On the invertibility of solutions of first order linear homogeneous differential equations in Banach algebras

This work is devoted to the study of some properties of linear homogeneous differential equations of the first order in Banach algebras. It is found (for some types of Banach algebras), at what right-hand side of such an equation, from the invertibility of the initial condition it follows the invertibility of its solution at any given time. Associative Banach algebras over the field of real or complex numbers are considered. The right parts of the studied equations have the form [F(t)](x(t)), where {F(t)} is a family of bounded operators on the algebra, continuous with respect to t∈R. The problem is to find all continuous families of bounded operators on algebra, preserving the invertibility of elements from it, for a given Banach algebra. In the proposed article, this problem is solved for only three cases. In the first case, the algebra consists of all square matrices of a given order.

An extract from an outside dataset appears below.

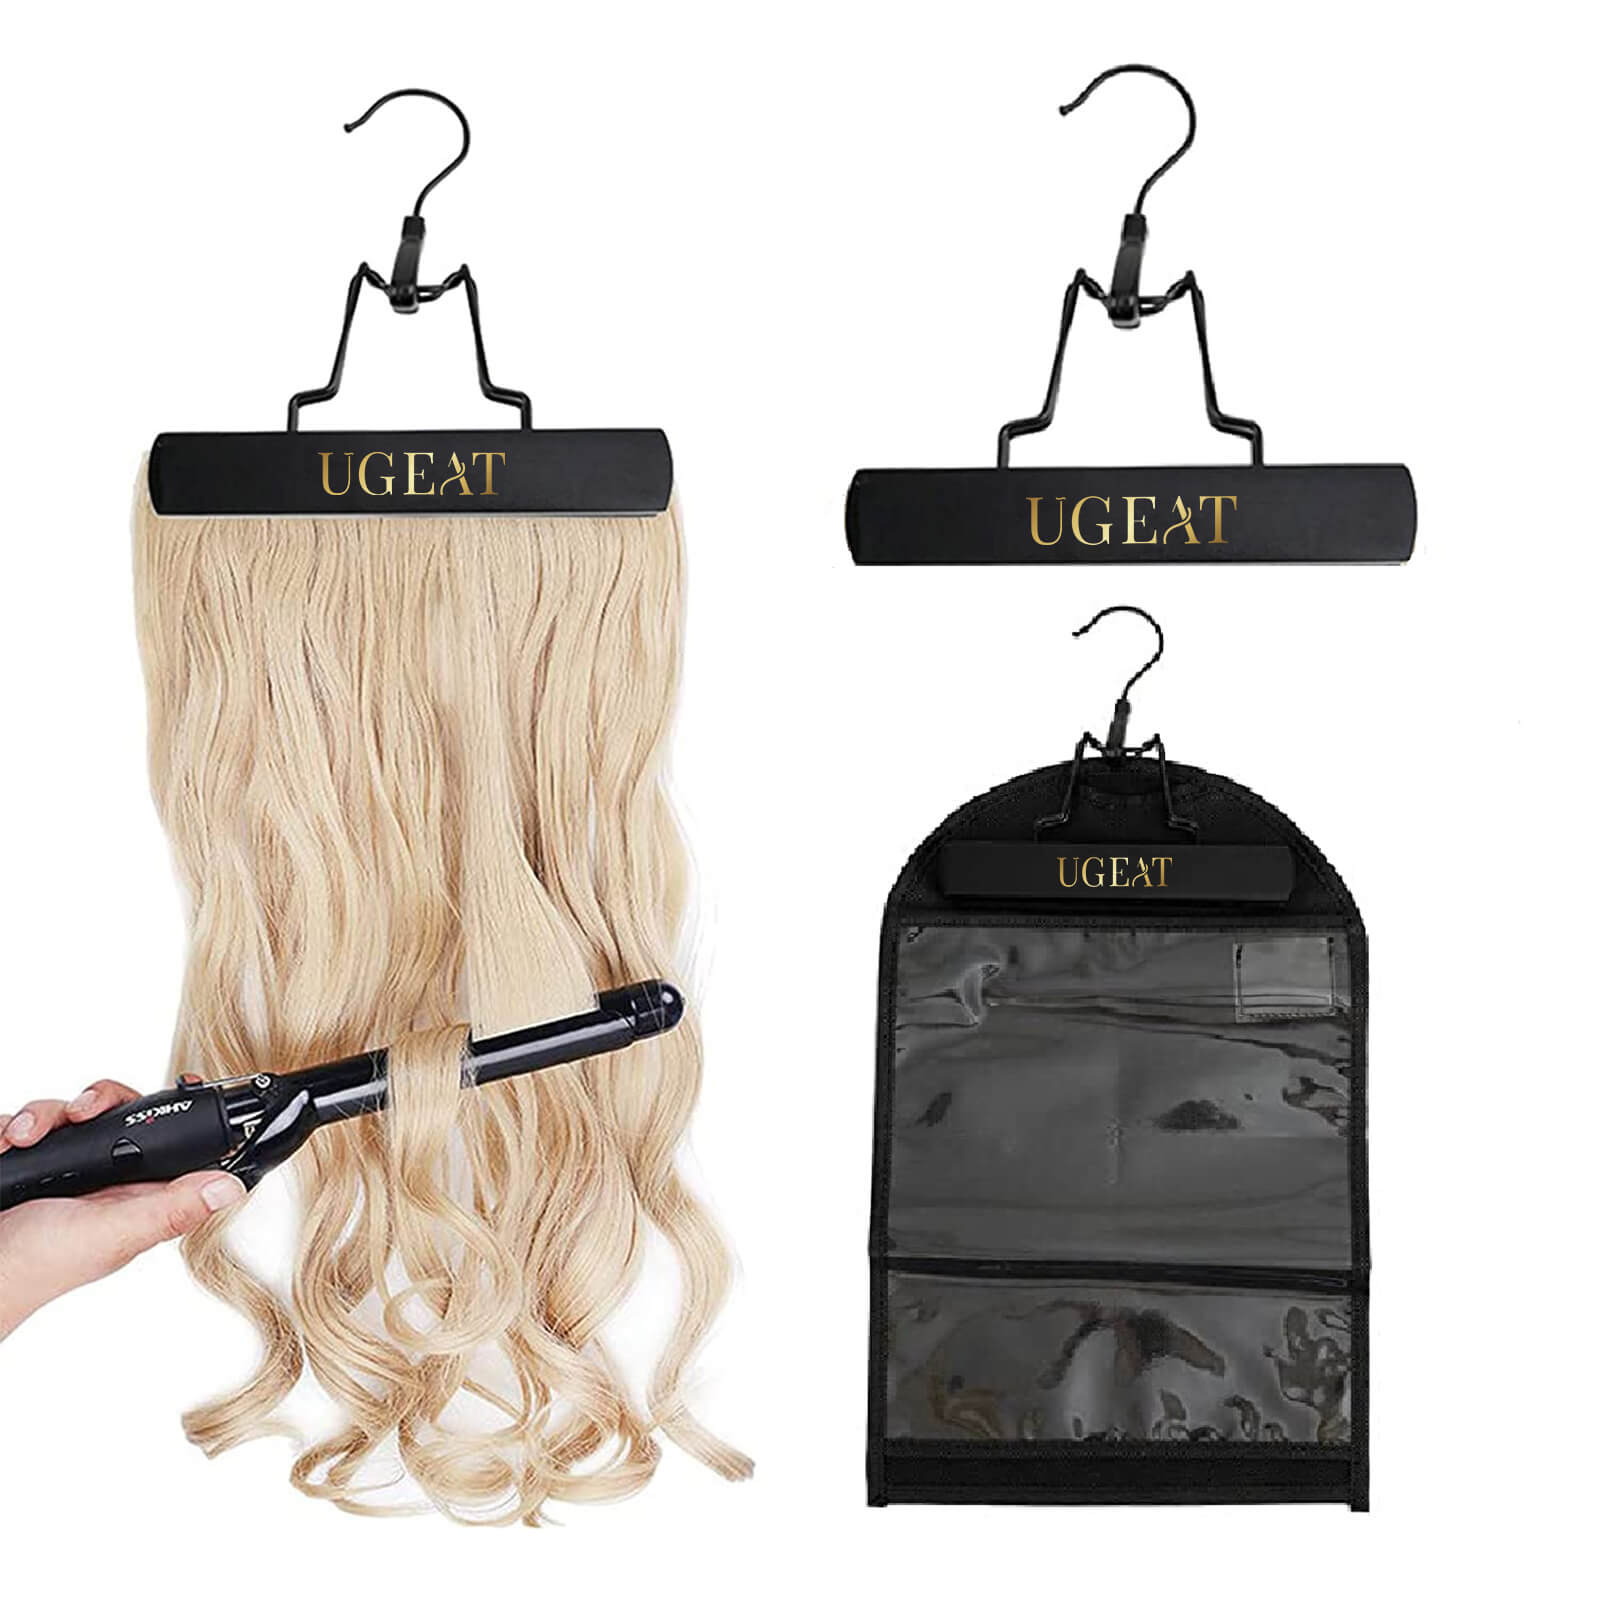 hair extensions holder with storage bag ugeat
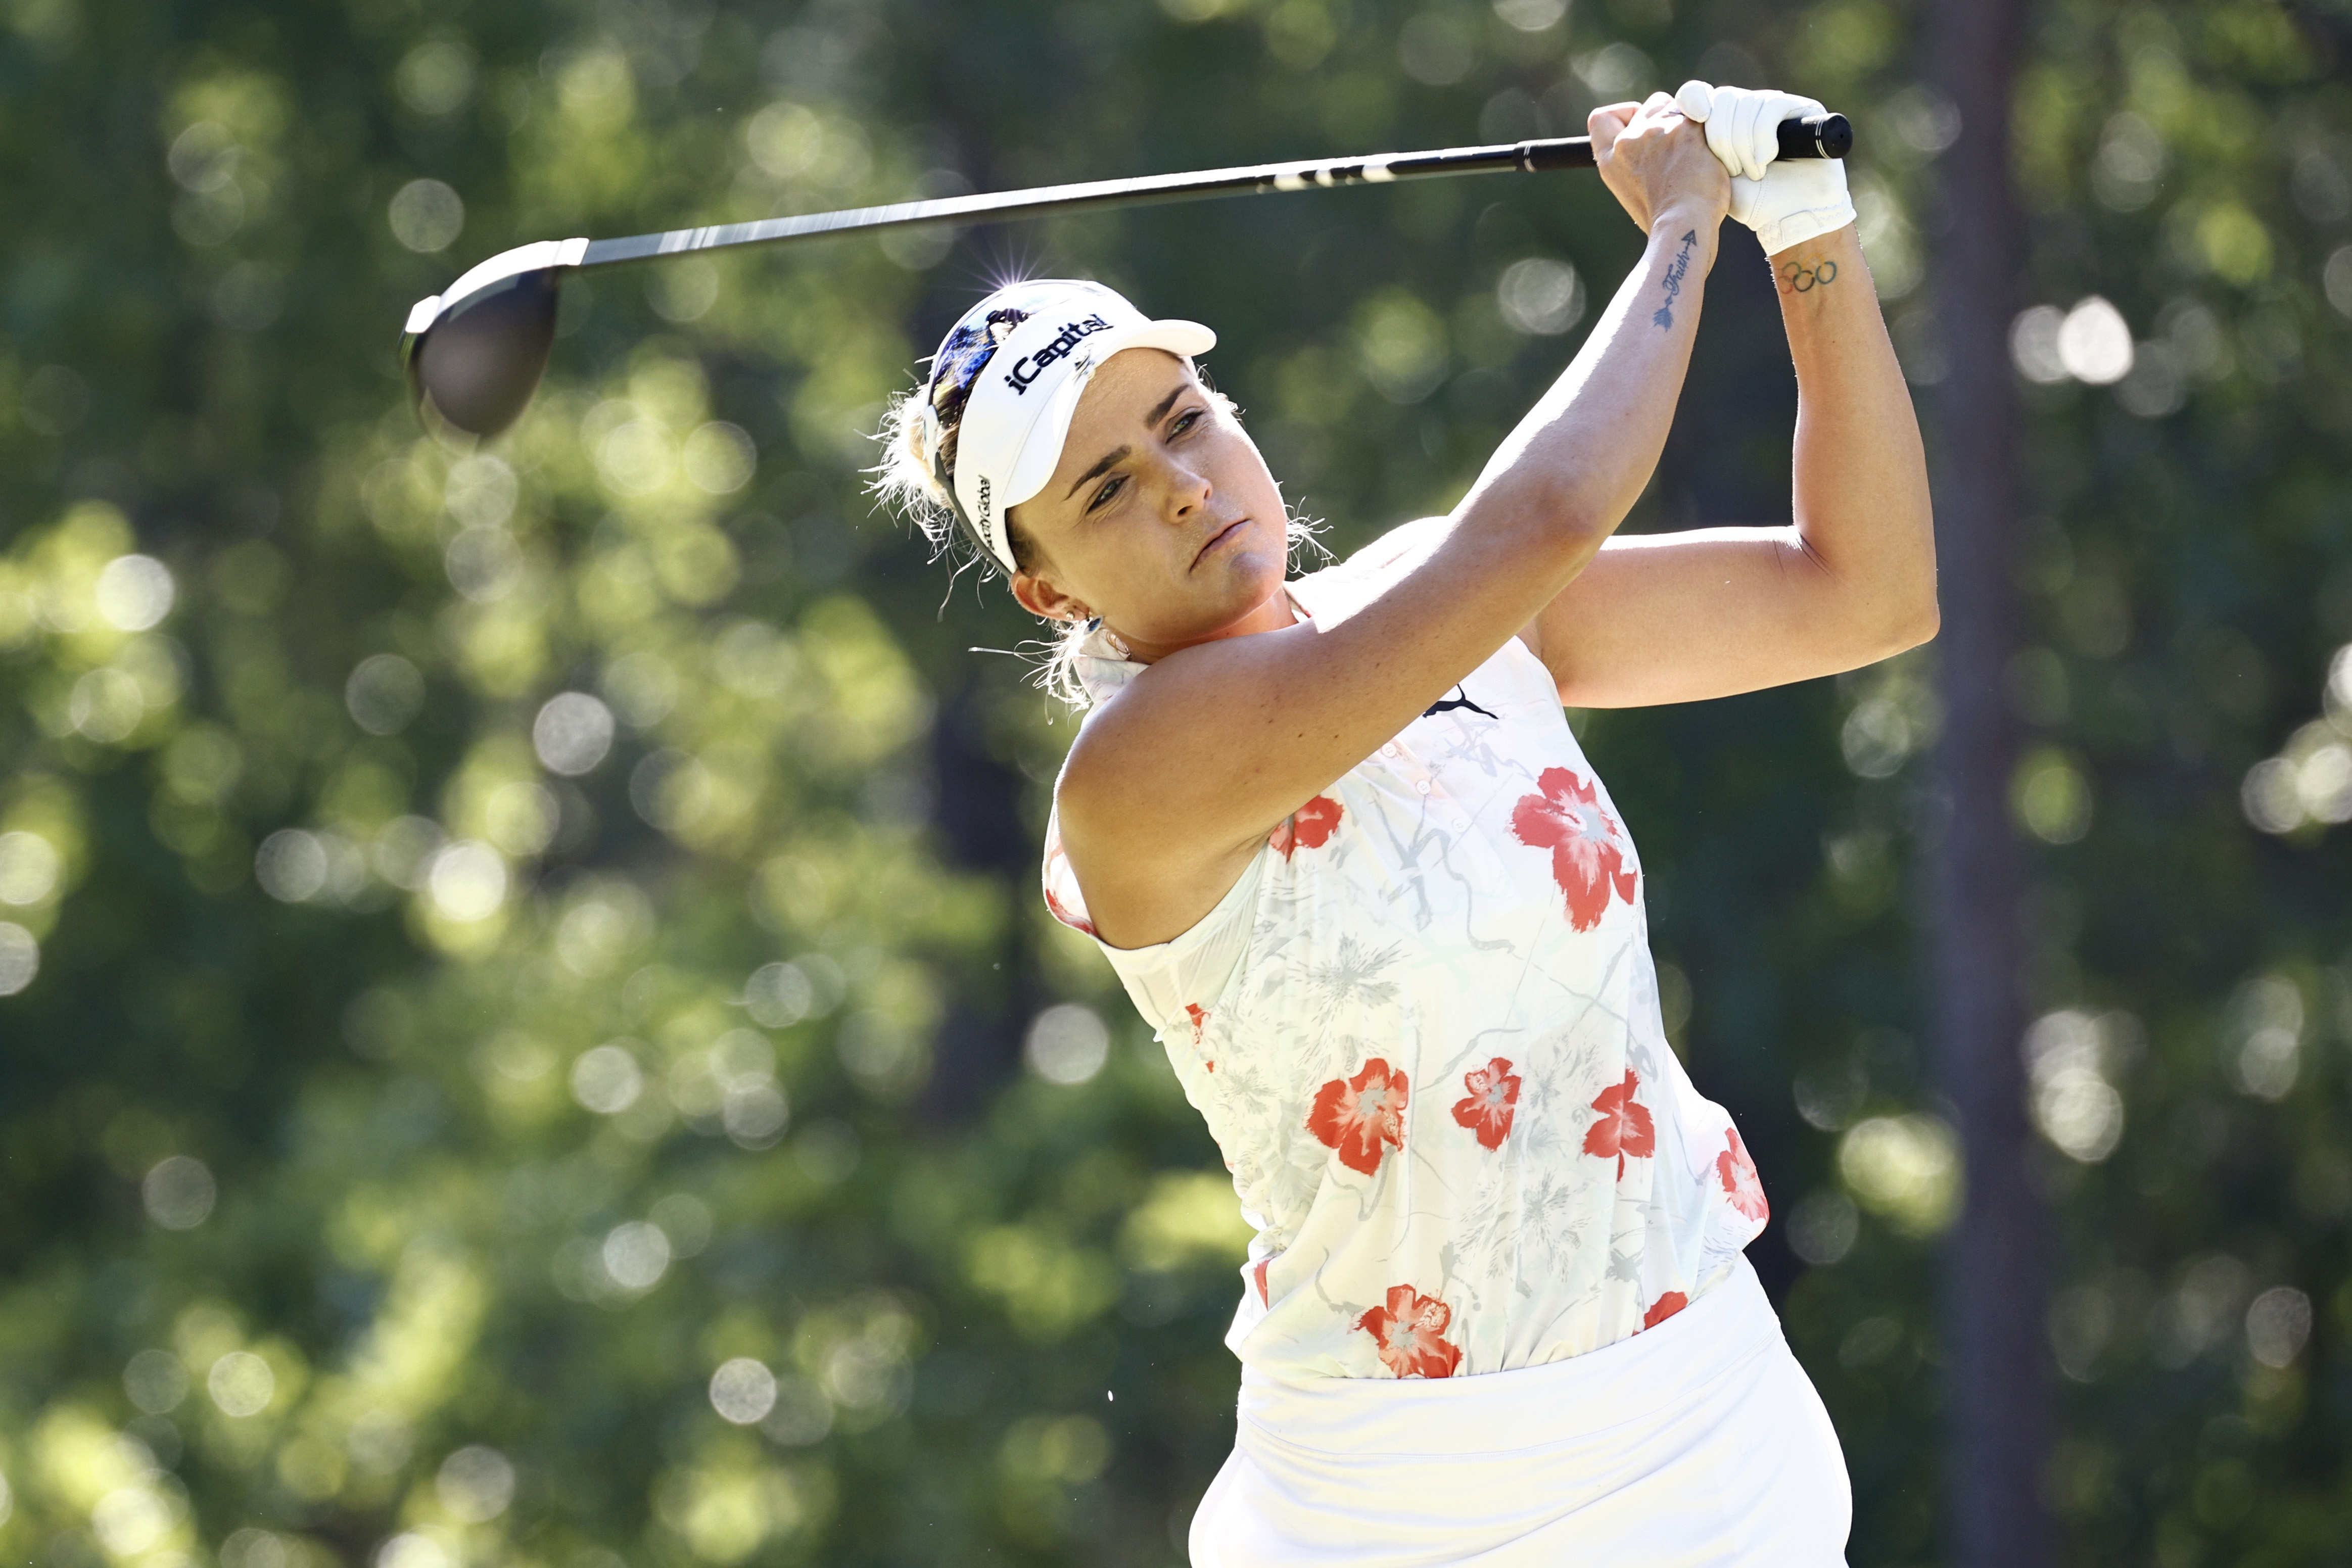 Our favorite outfits from the U.S. Women's Open so far

For this algebra, it is shown that all continuous families of operators, preserving the invertibility of elements from the algebra at zero must be of the form [F(t)](y)=a(t)⋅y+y⋅b(t), where the families {a(t)} and {b(t)} are also continuous. In the second case, the algebra consists of all continuous functions on the segment. For this case, it is shown that all families of operators, preserving the invertibility of elements from the algebra at any time must be of the form [F(t)](y)=a(t)⋅y, where the family {a(t)} is also continuous. The third case concerns those Banach algebras in which all nonzero elements are invertible. For example, the algebra of complex numbers and the algebra of quaternions have this property. In this case, any continuous families of bounded operators preserves the invertibility of the elements from the algebra at any time. The proposed study is in contact with the research of the foundations of quantum mechanics. The dynamics of quantum observables is described by the Heisenberg equation. The obtained results are an indirect argument in favor of the fact, that the known form of the Heisenberg equation is the only correct one.